Banks' role as payment system operator puts them in prime position to contribute data to infomediaries with the approval of consumers. Deposit and credit card accounts contain more raw transaction data on consumer spending than most other sources. The value of this data could triple through the addition of payee data directly from bill presentment and bill payment systems.

Hagel and Singer argue that infomediaries will force the unbundling of traditional organizational structures into three distinct businesses:

Customer relationship businesses

Product innovation businesses

Infrastructure management businesses

The key success factors in each are different, making integrated operation difficult.

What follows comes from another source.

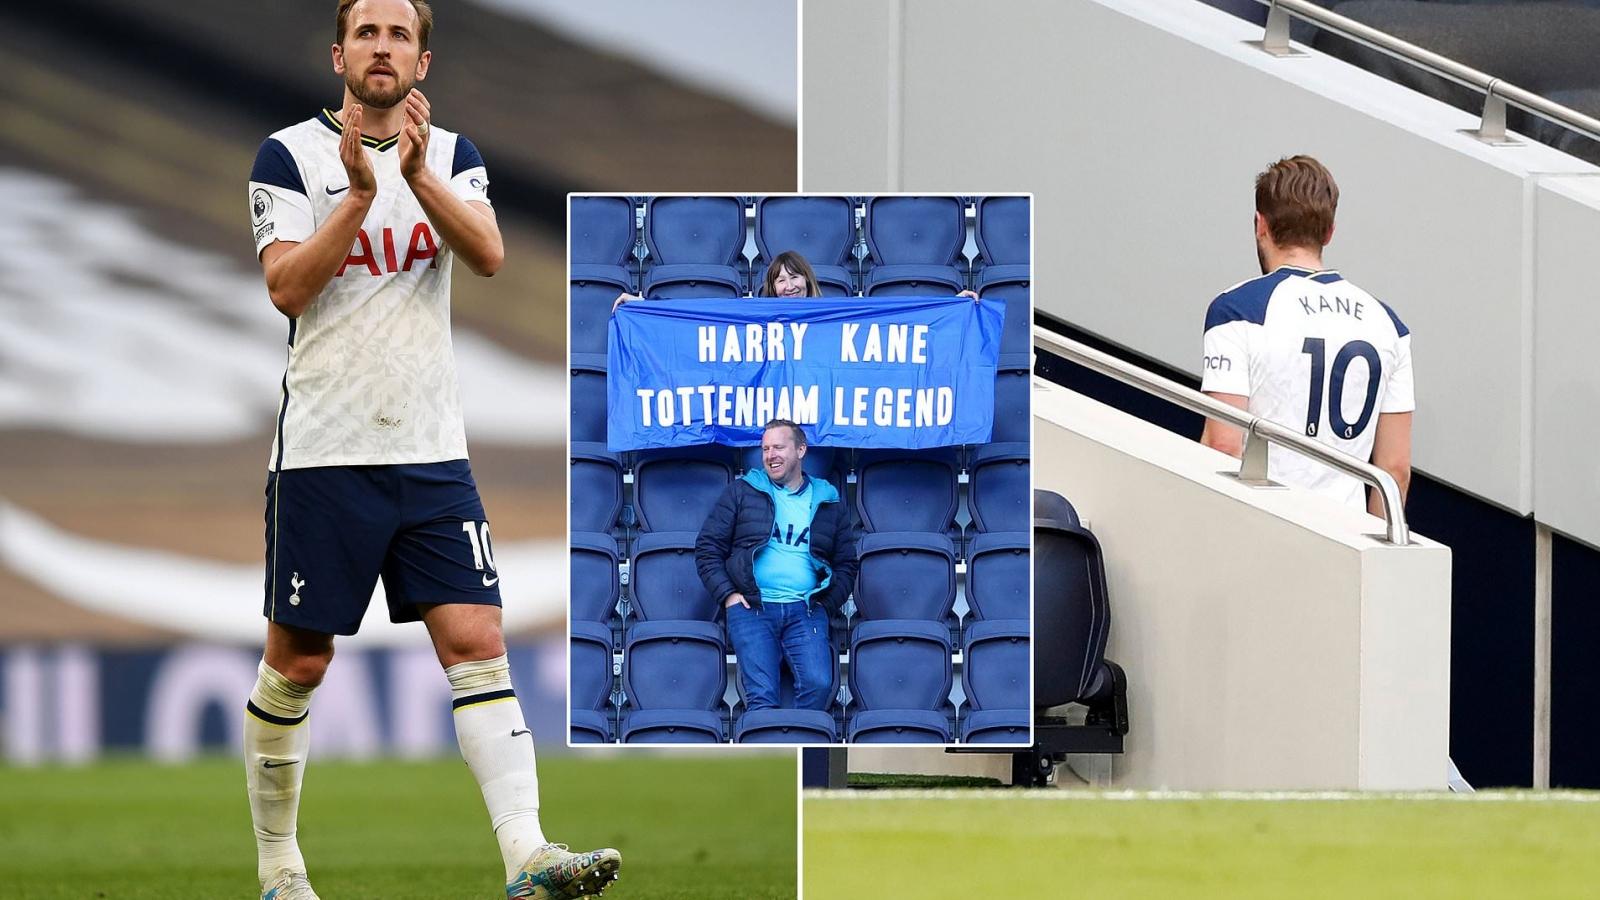 Harry Kane chào tạm biệt CĐV, chuẩn bị rời khỏi Tottenham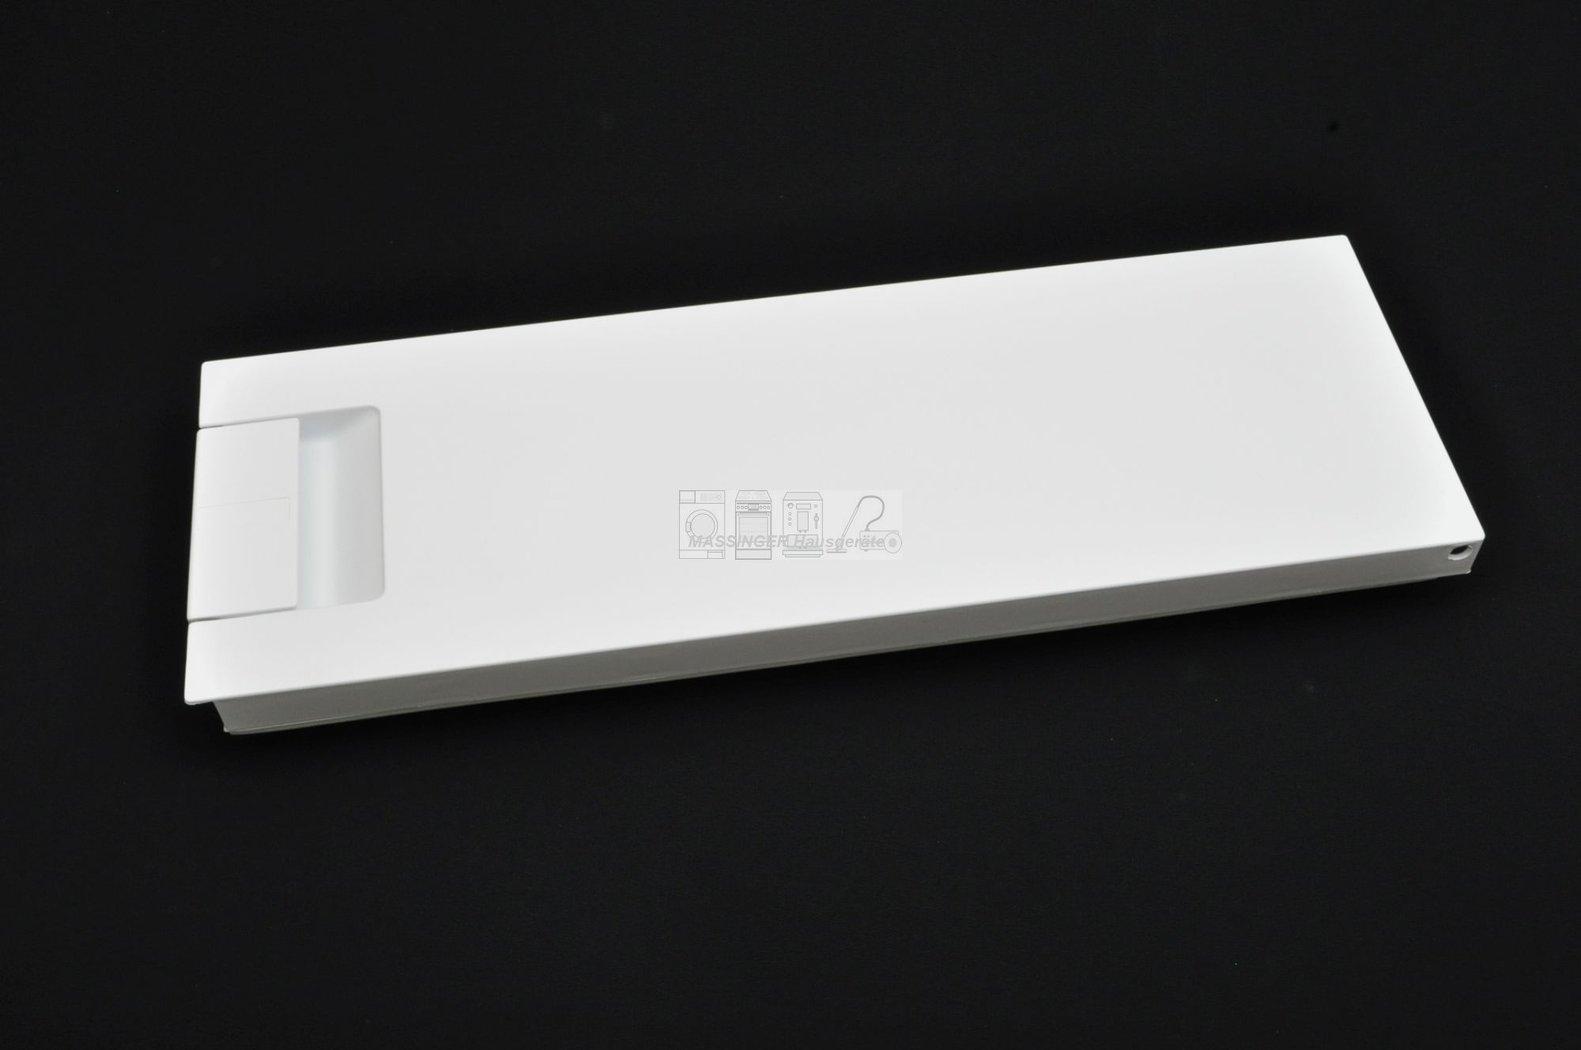 Siemens Kühlschrank Ersatzteile Gefrierfachtür : Bosch siemens neff gefrierfach türe klappe verdampfer 00350923

Infomediaries by definition are in the customer business. Much of the access to information about -- and control of the consumer's thinking about -- financial products will ultimately revert to the infomediary, not the traditional account processor.

The bottom line is that financial institutions should re-examine their approach to handling customer relationships. Most virtually all have done this in a very proprietary way, thinking only about their own data, their own transactions, and how they can best "lock up" their customers and their data.

They should spend more time looking for entrepreneurial partners involved in the infomediary business. Combinations such as America Online, the data base company Axciom, and American Express would be potentially powerful competition, the authors say.

The infomediary concept makes the strong point that forces at work will dictate the rise of a new consumer business that transcends individual institutions. That trend will work to the benefit of the consumer, not the vendor, whether bookseller or bank. The wild card for banks, of course, is their role as financial data sources. They can both gain and lose as infomediaries prosper. But they cannot ignore it.